The emphasis there was mine.

That last point in particular hits on for me what has become so uncomfortable about the current nonfiction book boom and about blogs. When I was studying literary nonfiction writing in the late 80s with Annie Dillard, she was very clear, we were engaged in a moral exercise. “You will never be this alive again,” she was saying, again and again, “and neither will your reader.” She wanted us to respect the fact that wasting people’s time was like delivering a blow. Which is in fact what it feels like to me, when I read something through to the end and think…it was all for that? Or, as Nehring puts it:

  • There was a feeling of urgency in Seneca’s prose—as there is in the prose of all the great essayists after him: “You are called in to help the unhappy,” he reminds his fellow intellectuals. “Where are you off to? The person you are engaging in word play with is in fear.”

3 Comments

  1. As a snobby classicist this definitely resonates with me, but the thing to keep in mind is that mediocrity is always everywhere, and the lame essayists who surrounded Seneca or Samuel Johnson have all completely vanished, even though at the time their fashionable style of writing must have been just as present as equally weak and fashionable writing styles are today–proportionally-speaking, of course.

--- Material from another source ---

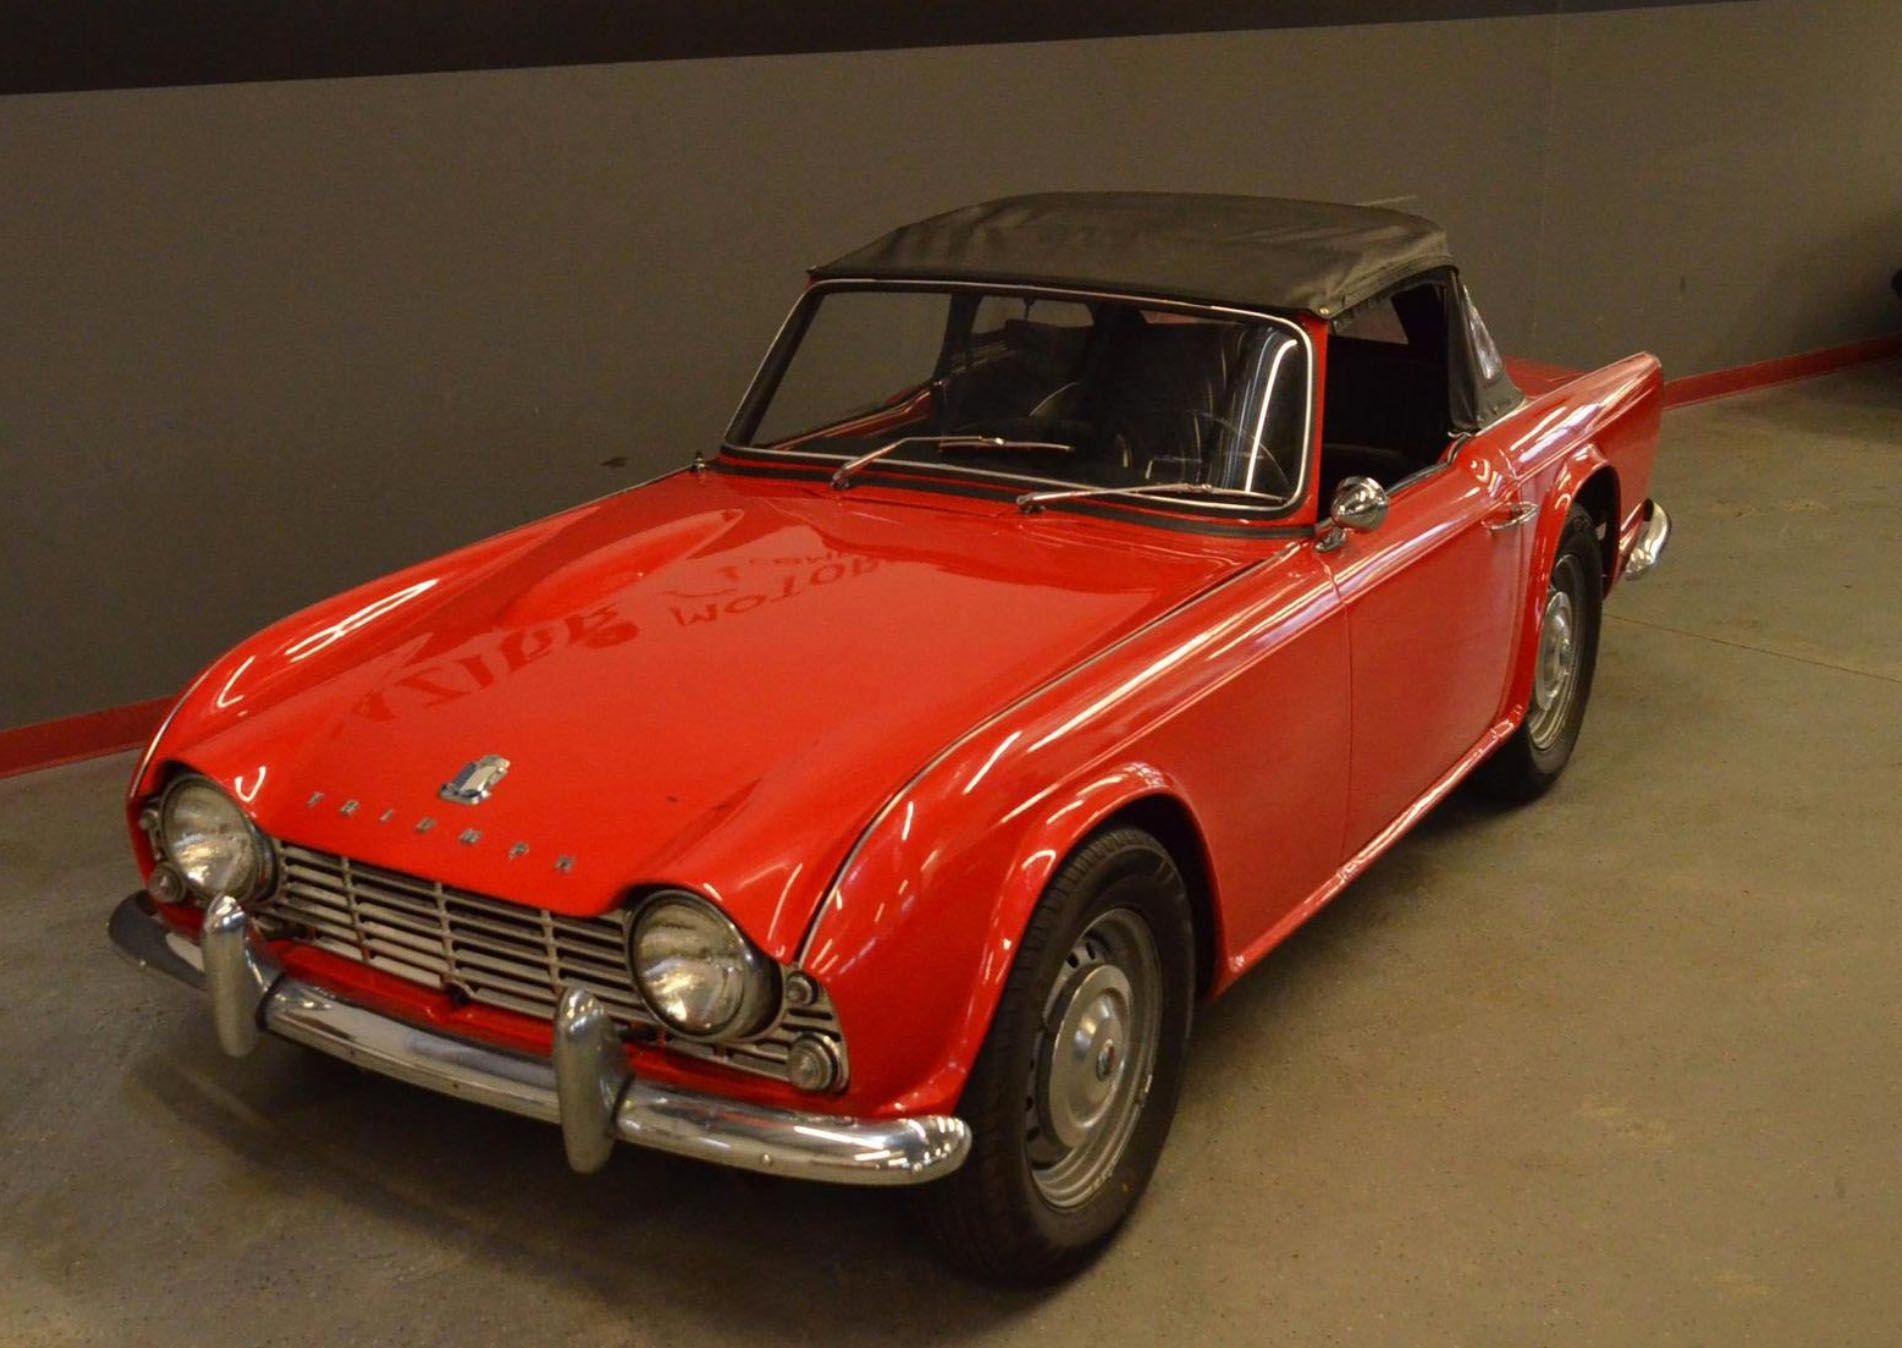 "<img src=""1970-triumph-tr4.jpg"" alt=""The front three quarters of a 1970 Triumph TR4"">"

    The essays of Borges are truly exquisite, as well, if you’re looking for good essay-writing–and the stuff in the New Yorker is rigidly homogeneous, but of a very talented species of homogeneity.

    In many ways it also seems as if modern writers are afraid to express themselves, timidly holding everything back lest they be exposed to ridicule–an inevitable product of success–but this was also no doubt true in the past. What we need is perspective! Greater perspective would really help to draw stronger conclusions, to delineate these lineaments, as it were.

  2. Oh, know that I don’t doubt mediocrity is everywhere. And that it always has been. But I do feel like narrative in general is being undermined, whether it is in journalism, nonfiction writing, fiction or film or television. And with that, the ability to reach for insight. As well as the appetite for it.

    1. I’m cruising by as I’m struggling to write an essay this afternoon, and this was a stern and welcome corrective to my lassitude. Right, none of us will be this alive again. Help the unhappy. Right.